Hey, Boo: Harper Lee and ‘To Kill a Mockingbird’ (Murphy, 2011)
Mary Murphy’s Hey, Boo: Harper Lee and ‘To Kill a Mockingbird’ is more celebration than investigation…and I’m perfectly fine with that. Few works in the history of American literature are more universally beloved than Lee’s bildungsroman. Add to the novel’s immense popularity the fact Richard Mulligan’s film adaptation consistently tops lists of fan favorites and the task of a documentarian covering this material is simultaneously daunting and alluring. Finding people willing to talk about what the book means to them is seldom a problem. Harnessing that enthusiasm to deepen the appreciation of the work about which every reader thinks he is an expert can be a difficult task indeed.
The key to Hey Boo’s success lies in director Mary Murphy’s ability to balance critique and appreciation, providing both historical and biographical context to explain the novel’s importance and testimonials to attest to its timeless qualities. Lee Smith, Scott Turow, Oprah Winfrey, Tom Brokaw, and James McBride read from and express admiration for Mockingbird, and, for the most part, eschew the temptation to use the forum to try to make themselves look smart, keeping the focus on Lee’s work.

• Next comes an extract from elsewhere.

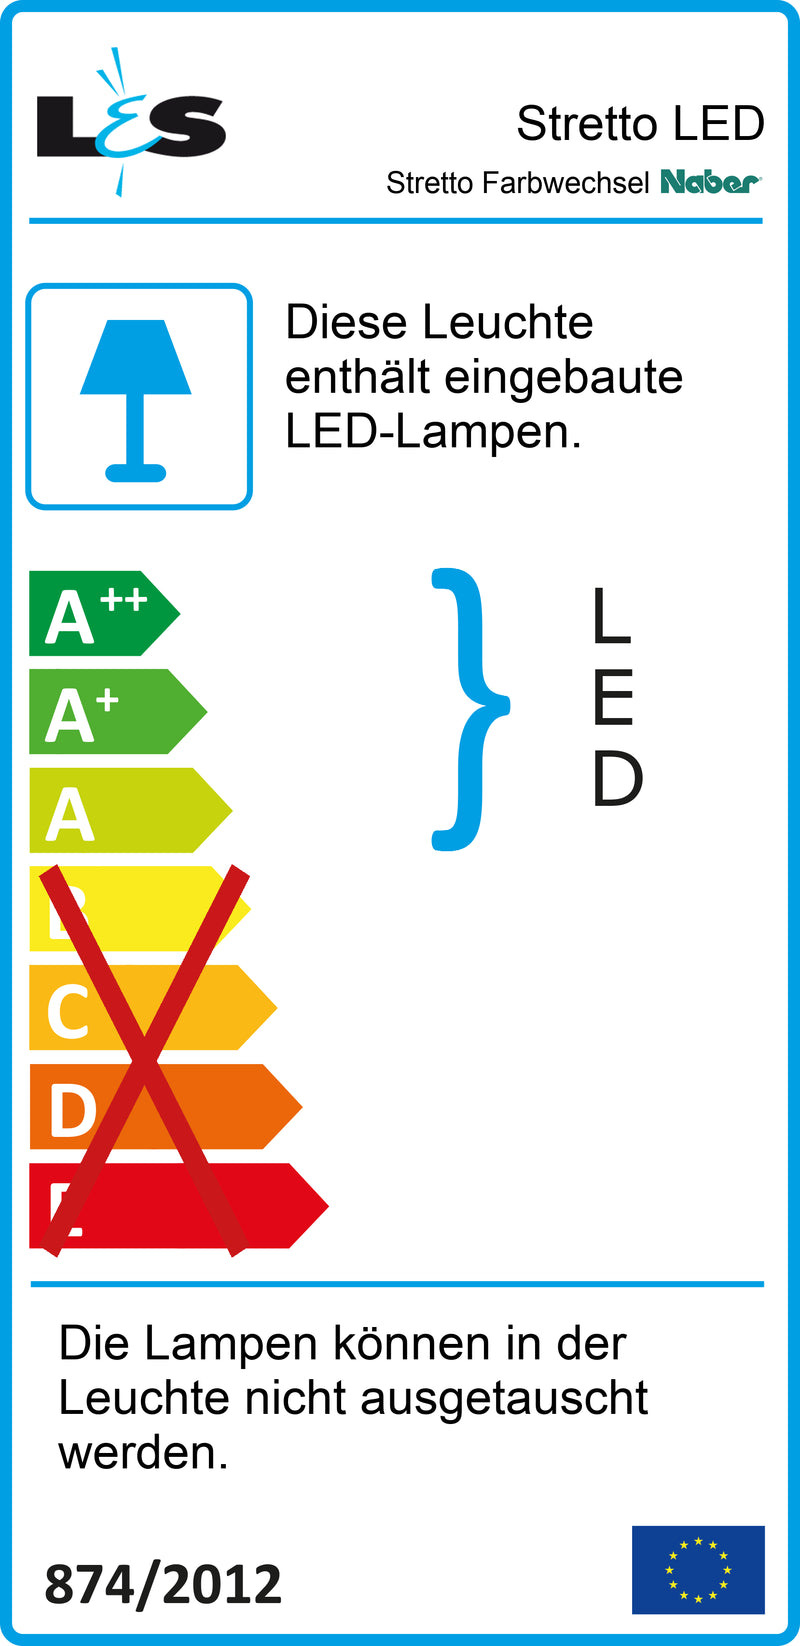 E-Label zu Zeichnung zu Stretto Farbwechsel LED als Variante Einzelleuchte ohne Schalter, edelstahlfarbig von Naber GmbH in der Kategorie Lichttechnik in Österreich auf conceptshop.at

That’s not to say that the film is superficial. It has plenty of insights for people who know the novel, not just for new fans. Two elements stood out upon reflection. Murphy chronicles how Lee worked with her publisher for approximately two years after the book manuscript was accepted, honing, polishing, and revising the text. Fifty years later, it’s a lot easier to get one’s work into print–but has this relative freedom led to a decline in quality? It’s hard to imagine a book from an unknown artist getting that kind of detailed attention today, and by and large we tend to buy into the Romantic notion that masterpieces are fully-formed offsprings of the minds of creative geniuses rather than hard polished products of sweat equity.
The other element of the documentary that is truly enlightening is Murphy’s putting the novel in its historical context. The further we get from the civil rights movement of the 1960s, the more we tend to misremember To Kill a Mockingbird as a postscript rather than a preface to it. Written in the late ’50s and published in 1960 (the film adaptation was released in 1962), Mockingbird often doesn’t get the credit it deserves for speaking out against racism before doing so was fashionable in white America. Several of the white interviewees speak out about the complicated, at times even subversive, cultural work performed by the novel. If, as Shelley said, the imagination is the moral instrument, then the book instructs us how to read it when Atticus tells Scout that we must walk in another man’s shoes to truly understand his point of view. For many of us, Tom Robinson’s shoes were the first we walked in that belonged to a man of a different color. Once we took Atticus’s advice, it was hard, if not impossible, to go back to the old ways of thinking.